① Aiming at the problems of modeling difficulty and low computational efficiency of multi-stage gear system dynamics, an efficient general modeling method is proposed. In this method, a unified writing form of linear or nonlinear dynamic models of each component in the gear system is designed, which makes the modeling method universal; then, according to the rigid, linear elastic or nonlinear connection mode between components, the corresponding coupling matrix is derived, and a large number of component dynamic models are automatically coupled through matrix operation, so that the dynamic models of various multi-stage gear systems can be quickly established Dynamic model.
② A three-dimensional gear dynamic model is proposed, which can be used for supporting system and large deformation of gear teeth. In this model, the slice meshing excitation algorithm is improved. For the first time, the meshing angle and actual meshing interval of each slice gear pair are expressed as time variables related to the deformation of the system (but the existing researches are all constant). The meshing excitation under three-dimensional large deformation of the system is more truly simulated, and the dynamic simulation accuracy of the heavy load flexible support gear is improved. At the same time, the model integrates the rigid rotation of the gear, which is suitable for the simulation of the speed change process and is easy to couple with other substructures of the system.

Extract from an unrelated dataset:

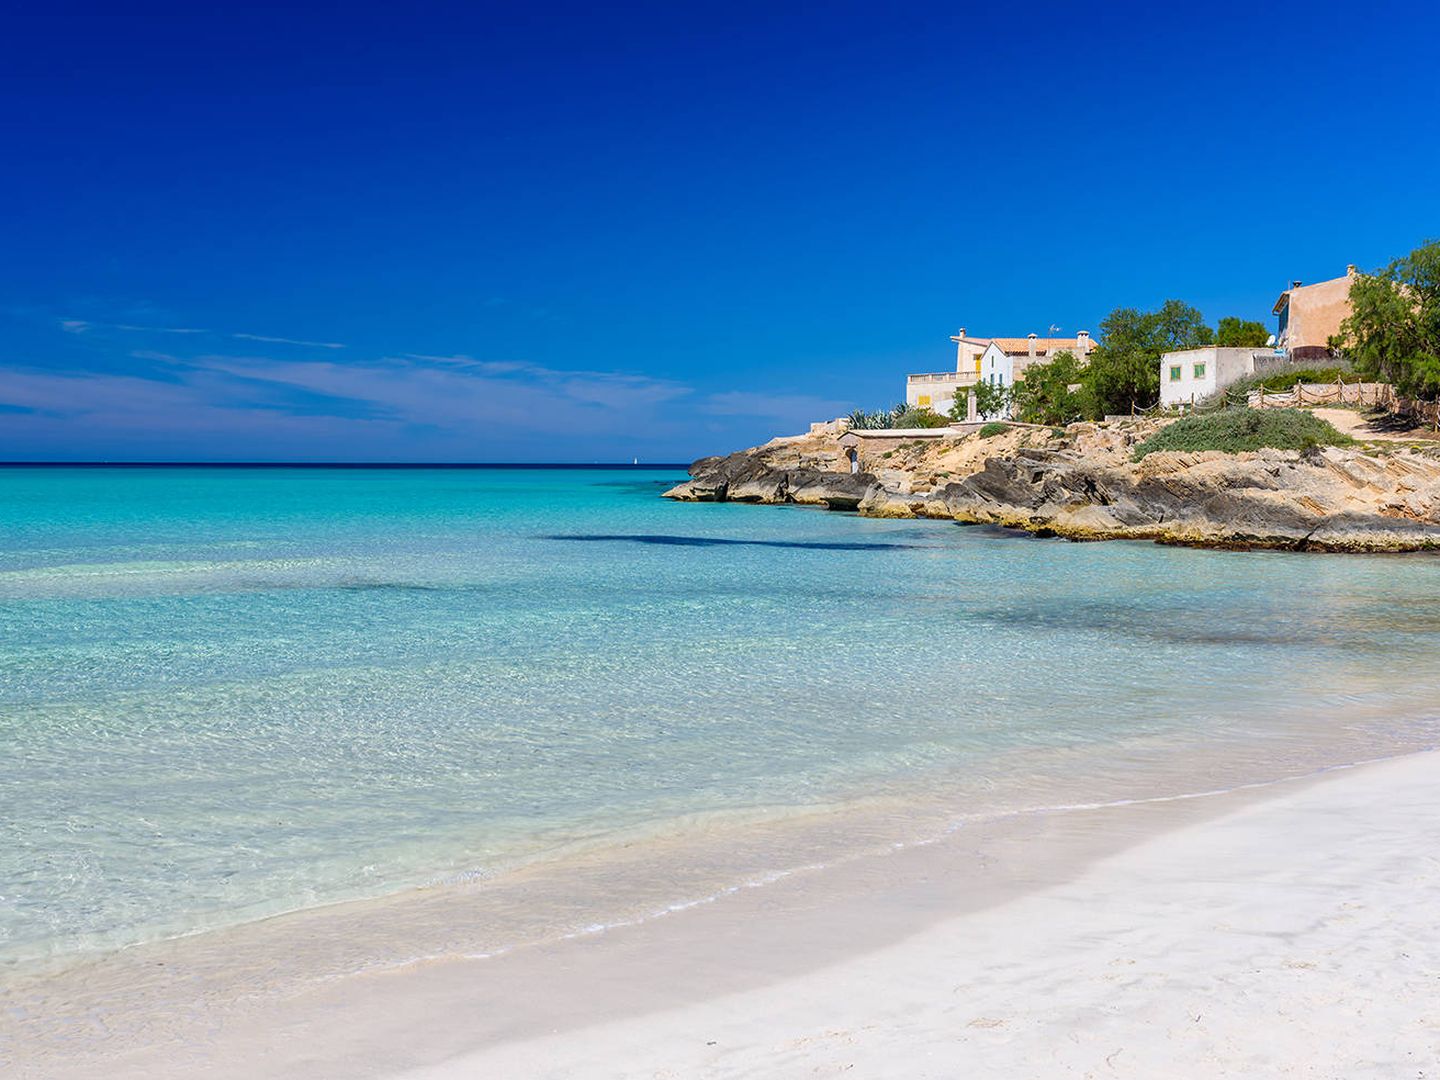 Mallorca. (Shutterstock)

③ A new method of three-dimensional topological modification for multi-stage gears is proposed. In this method, the actual meshing state of the gear during operation is obtained by dynamic simulation, which is used as the input condition of gear modification, and the fine contact algorithm is used to carry out the tooth direction modification considering the stress concentration at the edge of the gear; the analytical formula of meshing force considering the three-dimensional deformation of the support system and the tooth direction modification is derived, which takes into account the calculation accuracy and efficiency of the tooth profile modification Parameter design and system dynamics simulation are carried out alternately and repeatedly to improve the overall accuracy of multi-stage gear 3D topology modification.